Why is writing so hard? Do you ever sit down to write and just can’t seem to do it? For me, the hardest part of writing is writing. Sounds crazy to even say this out loud or rather put the words on paper. But as I sit here today, needing to write my post for my company, I just don’t seem to be focused on writing.
I am not sure what it is about writing, but somehow everything else seems like a priority. I will start a load of laundry right after opening up my writing software. Then, I am pretty sure the toilet needs to be cleaned. Because honestly, doesn’t it always need to be cleaned?
So, the washer started and toilet cleaned, I suddenly notice the sink has dirty dished in it. I should just quickly unload the dishwasher and put the dirty ones away. And while doing these chores, I wonder why I am the only person in the house who seems to do any. Then I remember the deal my husband and I have where he makes dinner, and I clean up the dishes, so I guess it is my job to do the dishes.
But all this time thinking about how unfair all of this is has gotten me riled up. So when I finally sit down at my computer again, it takes a moment to calm down enough to write.
Back at my keyboard, I notice my coffee has grown cold while I was having a mental break down about the dishes, so I get back up and warm it up.
With warmed up coffee now, I stare off for a moment to get myself ready to write. Where was I when I got distracted. Wait, are those cobwebs?? Is there a spider in that web, or can I clean it up?? Spider? Ok, it is going to have to wait. Is the spider moving? Should I relocate?
Nah, I’m good.
These distractions happen for so long this morning I am starting to feel like I am getting behind. I still have a long list of tasks I wanted to accomplish, none of which were the dishes, toilet, laundry, and cobweb removal. Should I even write, or should I move on to the next item that needs my attention on the list? You know, the thing which I can really do without somehow needing to clean up my whole house to do it.
I know I just need to start writing. Even committing to 100 words is helpful. Just take baby steps. This isn’t a novel I’m writing I just need to regularly write for my business. This shouldn’t be so hard. I have a list of topics to be covered. I have even researched a good portion of each subject, I just need to get my notes out and start writing—even a little.

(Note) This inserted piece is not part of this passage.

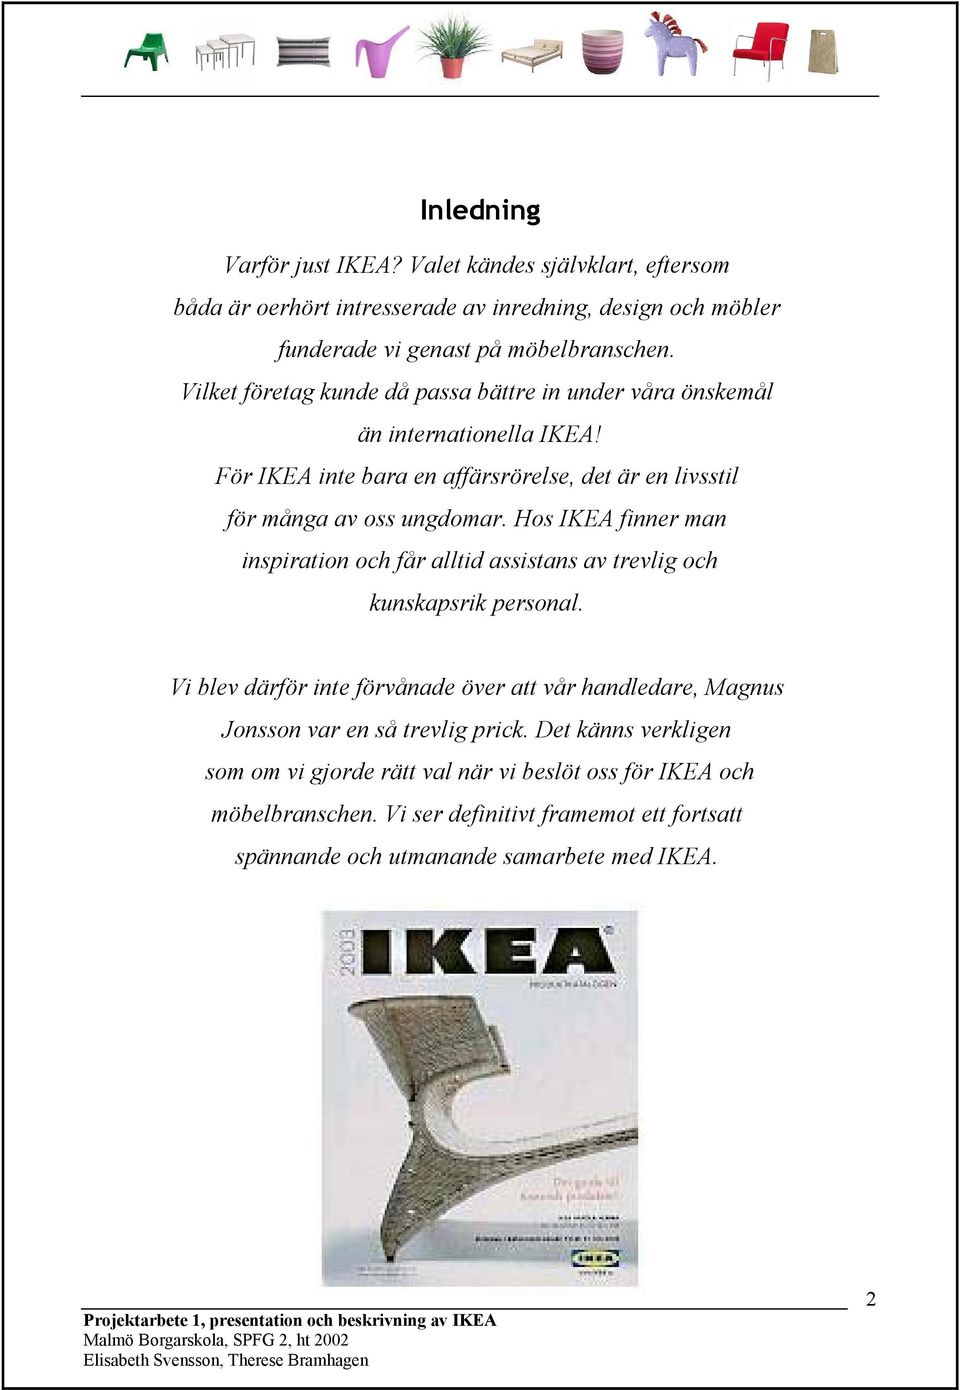 Hos IKEA finner man inspiration och får alltid assistans av trevlig och kunskapsrik personal. Vi blev därför inte förvånade över att vår handledare, Magnus Jonsson var en så trevlig prick.

Why is writing so hard for me?
I think it is because I want everything to come out perfectly. I want well-organized sentences and a flow to my writing. The kind of flow I read from other writers. You know, the people who actually sit down and do the writing thing.
I heard somewhere you just need to commit to the “shitty first draft” of writing. I know all of this, yet I still expect to have hours of uninterrupted time to get something real down. And it isn’t as though it is my family interrupting me. It is my own brain doing this.
Even as I am typing right now, I see the notification that I have spelling errors from my typing. It is taking everything in me to not go back and fix the problems. They call to me. I know, shitty first draft, no editing while writing, yet there they are…..
Ok, I fixed them……
At least I can acknowledge I have a problem. Well, multiple issues here, but I can’t take the notifications telling me something needs to be fixed! Pretty sure I could turn that off while I am writing, so it doesn’t bug me. Hmm. Yup. I can do that. So, one problem fixed for now.
Now, if I can only get my butt in the chair long enough to get a draft of my post done today, I will consider it a successful day. Laundry is done, dishes are done, cobwebs removed, weeds pulled, and a draft of Wednesday’s post ready to edit tomorrow.
Maybe next Sunday, I can make sure Monday morning everything is done, so it is just me, my hot coffee, and the keyboard ready to write.